Health care is a right, not a privilege

Being at the White House on the anniversary of the ACA was also an opportunity to reflect on how far we’ve come in just a few years. Though the law is far from perfect, it marked a fundamental turning point for our country: It was the first time the United States formally declared health care as a right, not a privilege, which is something Providence has always believed.

Anne Ha, center, gained coverage through the Affordable Care Act. Having later been diagnosed with cancer, she says the ACA saved her life. Anne was invited to the White House to commemorate the fifth anniversary of the ACA.

Today, 16 million more Americans now have access to care. Insurers can no longer charge more or deny coverage to people with pre-existing conditions. Preventive care is now fully covered. Lifetime limits on care have gone away, and young people can now stay on their parents plans until age 26.

Though the nation still has a long way to go on the journey, it’s important to pause and take stock in what we’ve accomplished so far. Milestones like the fifth anniversary give us a chance to renew our commitment, so that we can keep the momentum going and step up to meet the challenges ahead.
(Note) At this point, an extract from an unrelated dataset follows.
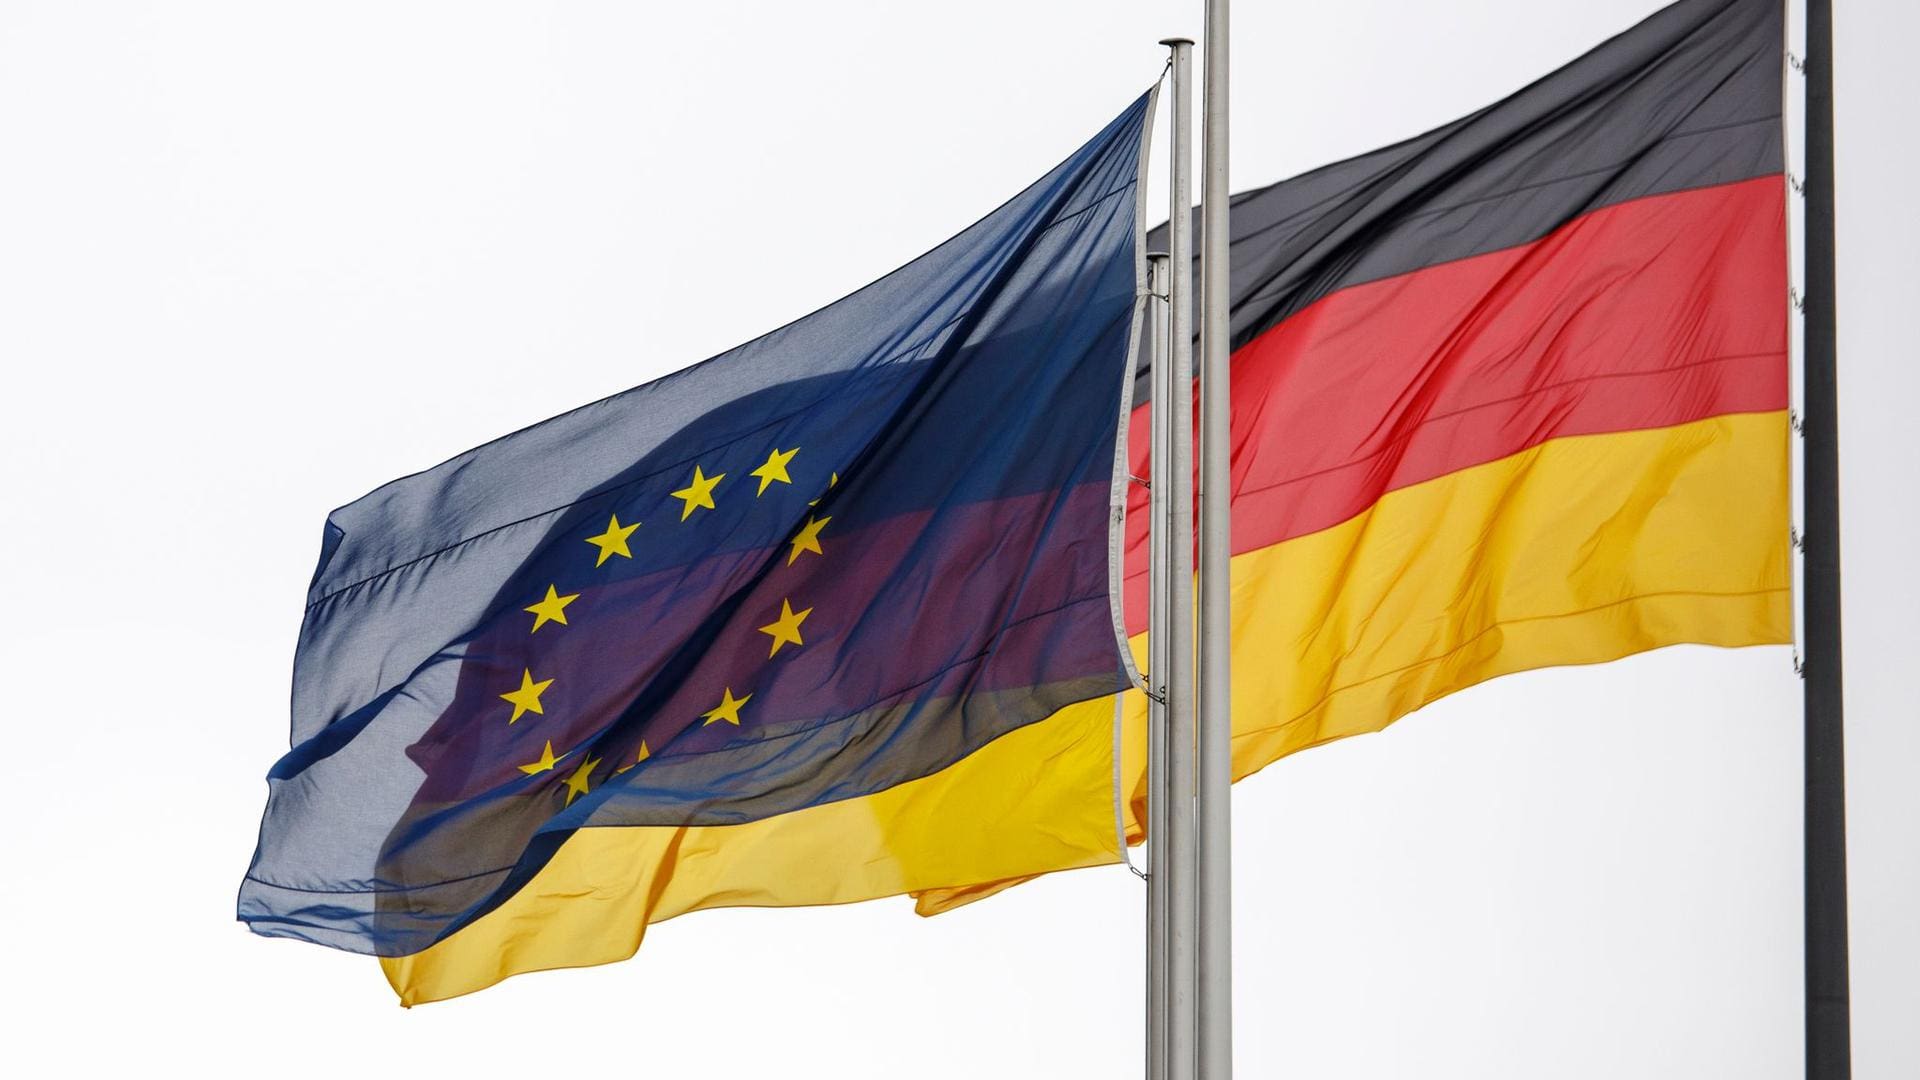 Germany, the leading power of the EU?
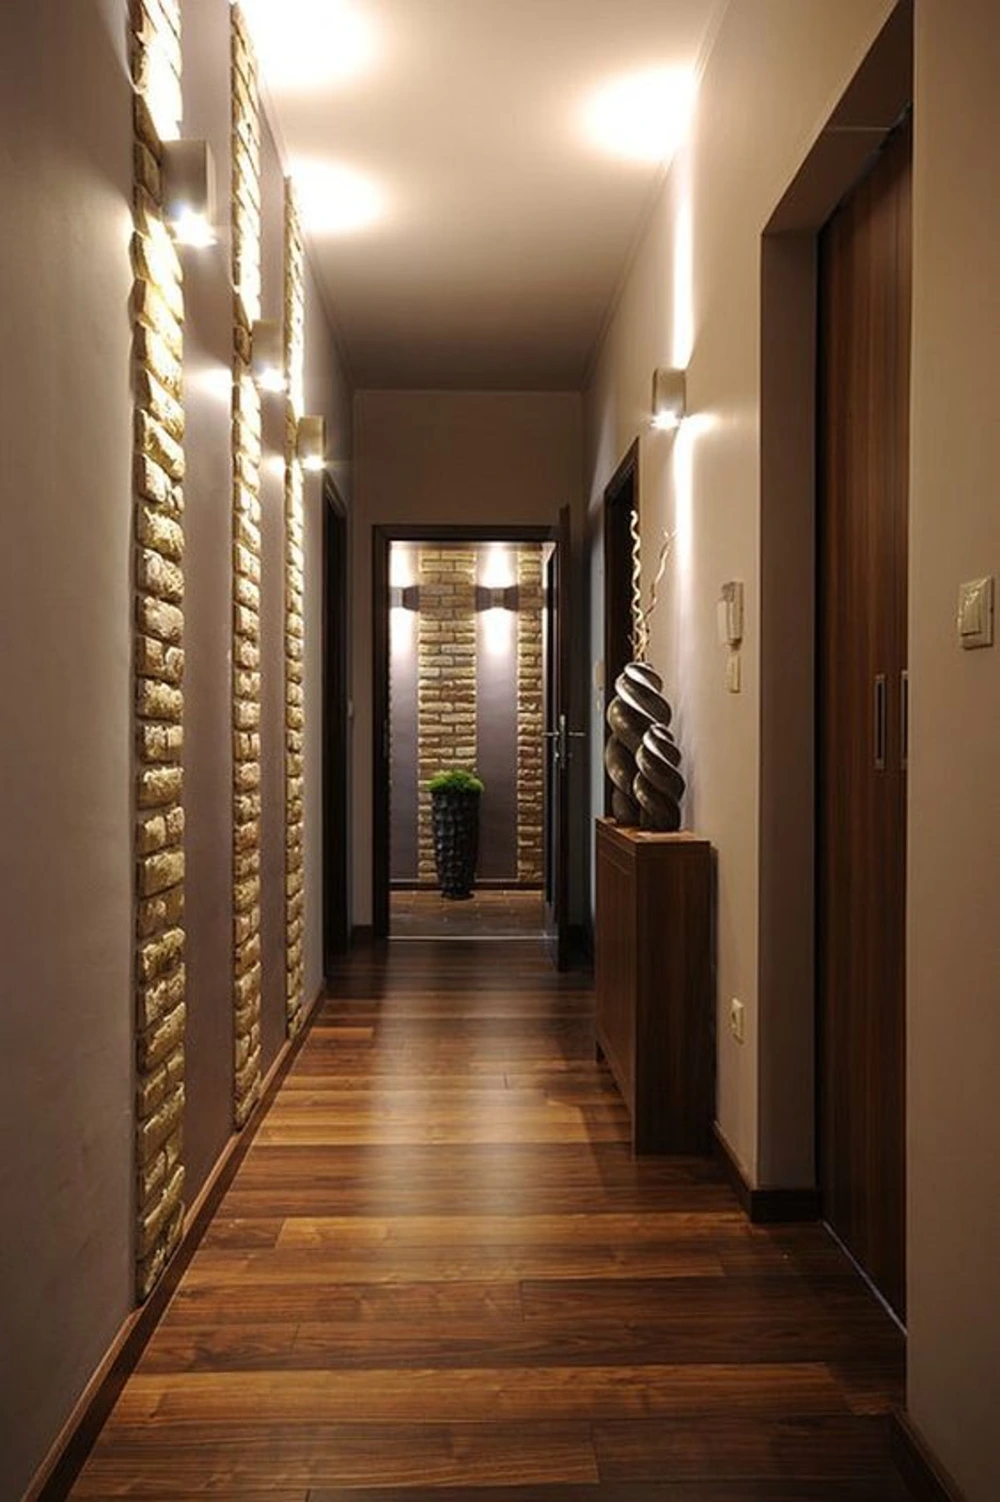 10 Hallway Designs You Can Be Inspired By For Your Home

With all the varied parts of the U.S. health system working together, we can make the large-scale change needed to create healthier communities across the country and ensure every person in America has access to high quality, affordable health care.

21 Comments
  1. Here’s what the ACA did for me: Cancelled a perfectly good health care plan that I had for eight years because it didn’t provide something I don’t need. Made my General Manager waste hundreds of hours trying to interpret the rules, work with consultants, brokers, and adviser to try to figure out how the law even works. We now have a health plan that is so much more costly that i have to have my employees subsidize the cost. Higher deductibles accompany those higher premiums as to arguments with the ‘medical director’ who questions prescribed treatment (my PCP had to literally challenge is credentials when he rejected the request for an MRI. I needed knee surgery). I am no longer free to just go to a specialist; i must see my PCP, even though he cannot treat me. The ACA is a good intention executed really badly because of two fundamental flaws: A) You cannot legislate for 15% of the population and expect the other 85% to ‘fit in’. B) It failed to remove the ‘for profit’ motive for the insurance companies. The result it that the medical community and all patients are now beholden to reimbursement plans instead of actual medical care. A doctor working for a big hospital or insurance-owned medical practice who doesn’t see XX patients a day will not be reimbursed. And the reimbursements are shrinking so who would want to be in that industry any more anyway. The ACA didn’t cause this, but is sure accelerated it. Repeal and re-write. Oh, wait Congress…..never mind, they would have to actually DO something.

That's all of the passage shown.